De MAS heeft financiële benchmarks aangewezen bij het overeenkomstig Section 123B van de SFA uitgevaardigde Securities and Futures (Designated Benchmarks) Order 2018. Dit besluit heeft enkel betrekking op de beheerders van die benchmarks die in de meest recente toepasselijke versie van de Securities and Futures (Designated Benchmarks) Order zijn vermeld. Dit besluit heeft geen betrekking op beheerders van financiële benchmarks die overeenkomstig artikel 2, lid 2, van Verordening (EU) 2016/1011 voor uitsluiting van het toepassingsgebied van genoemde verordening in aanmerking komen.
Krachtens de SFA (en in het bijzonder de Sections 123D en 123ZC) moeten zowel de beheerders van als de indieners voor aangewezen benchmarks over een vergunning beschikken, tenzij zij anderszins zijn vrijgesteld. De MAS kan met de in de Sections 123F(5), 123F(6), 123F(8), 123J(1) en 123J(6) van de SFA en Regulation 4(1) van de SFA Benchmarks Regulations beschreven factoren rekening houden wanneer zij in verband met een ABA besluit een vergunning te verlenen, op te schorten of in te trekken.
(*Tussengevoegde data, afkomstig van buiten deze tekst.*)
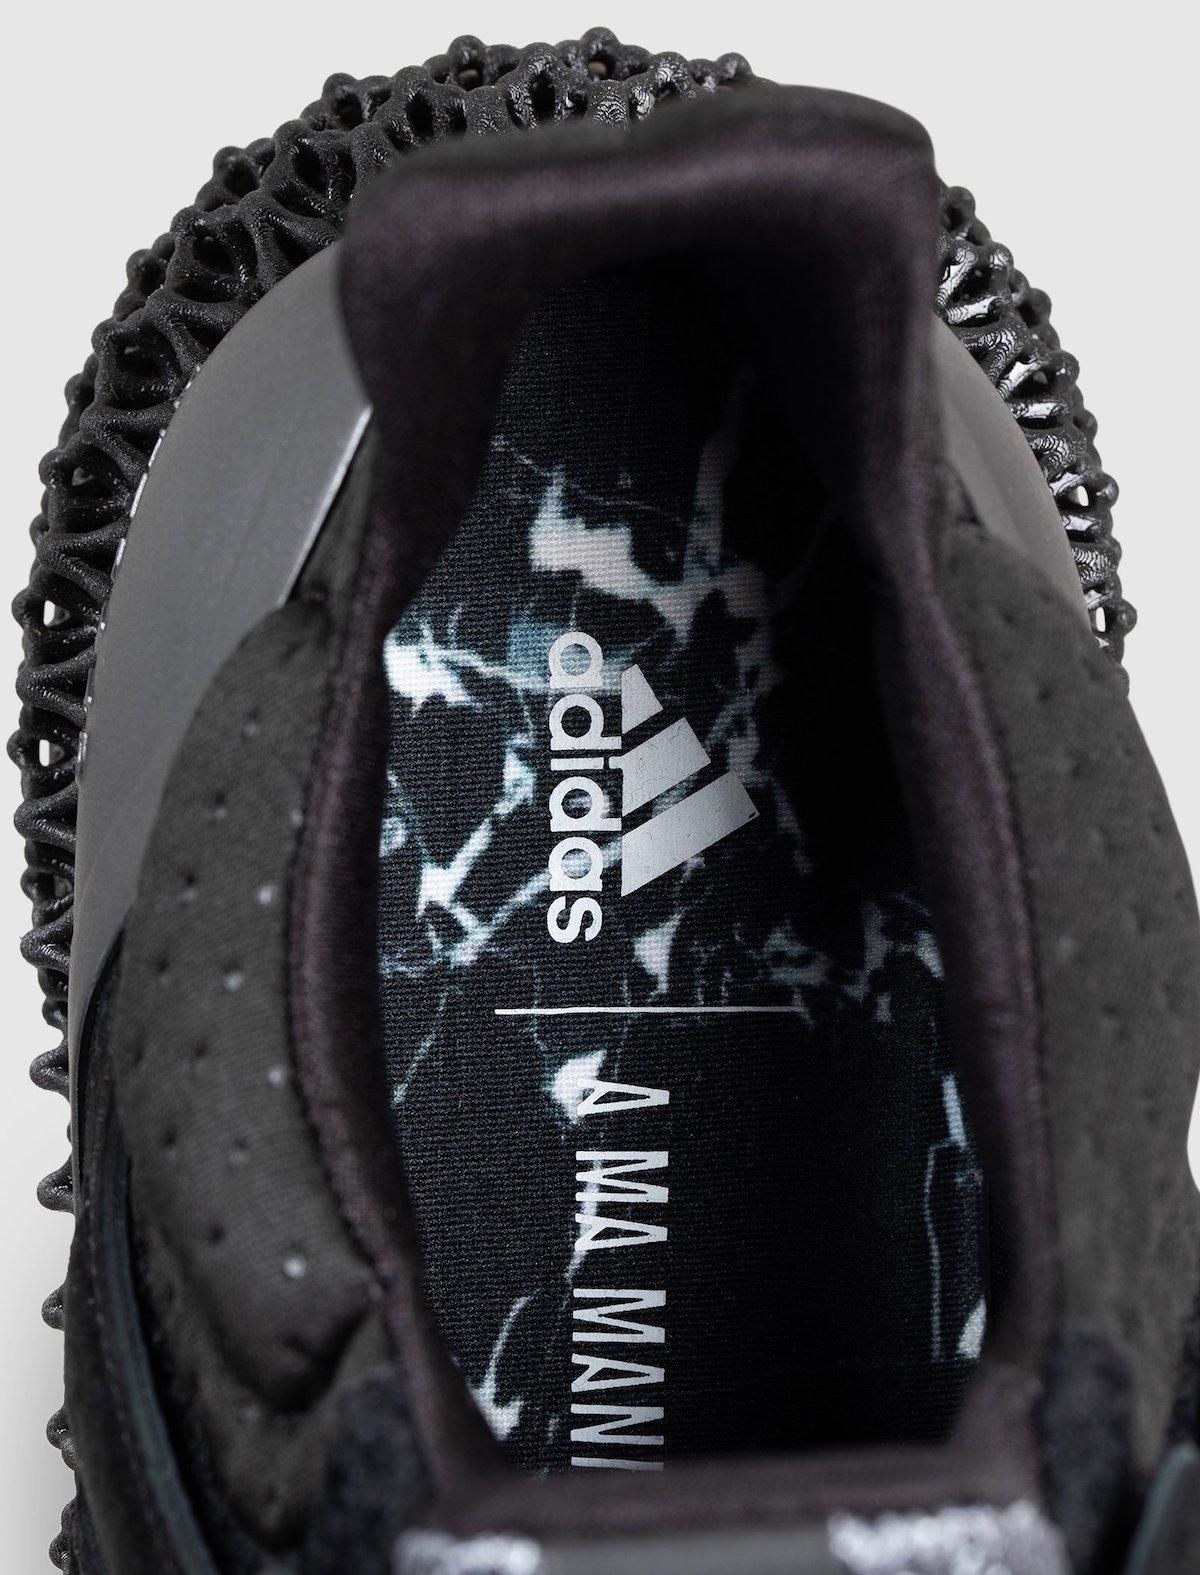 A Ma Maniere adidas Ultra 4D G55274 Release Date

Overeenkomstig de Sections 123F(2) en 123F(3) van de SFA kan de MAS ook voor een ABA geldende voorwaarden of beperkingen opleggen, wijzigen of intrekken. Een persoon begaat een strafbaar feit als hij een aangewezen benchmark beheert of zich als beheerder van een aangewezen benchmark uitgeeft zonder over een vergunning te beschikken, tenzij hij van dit vereiste is vrijgesteld.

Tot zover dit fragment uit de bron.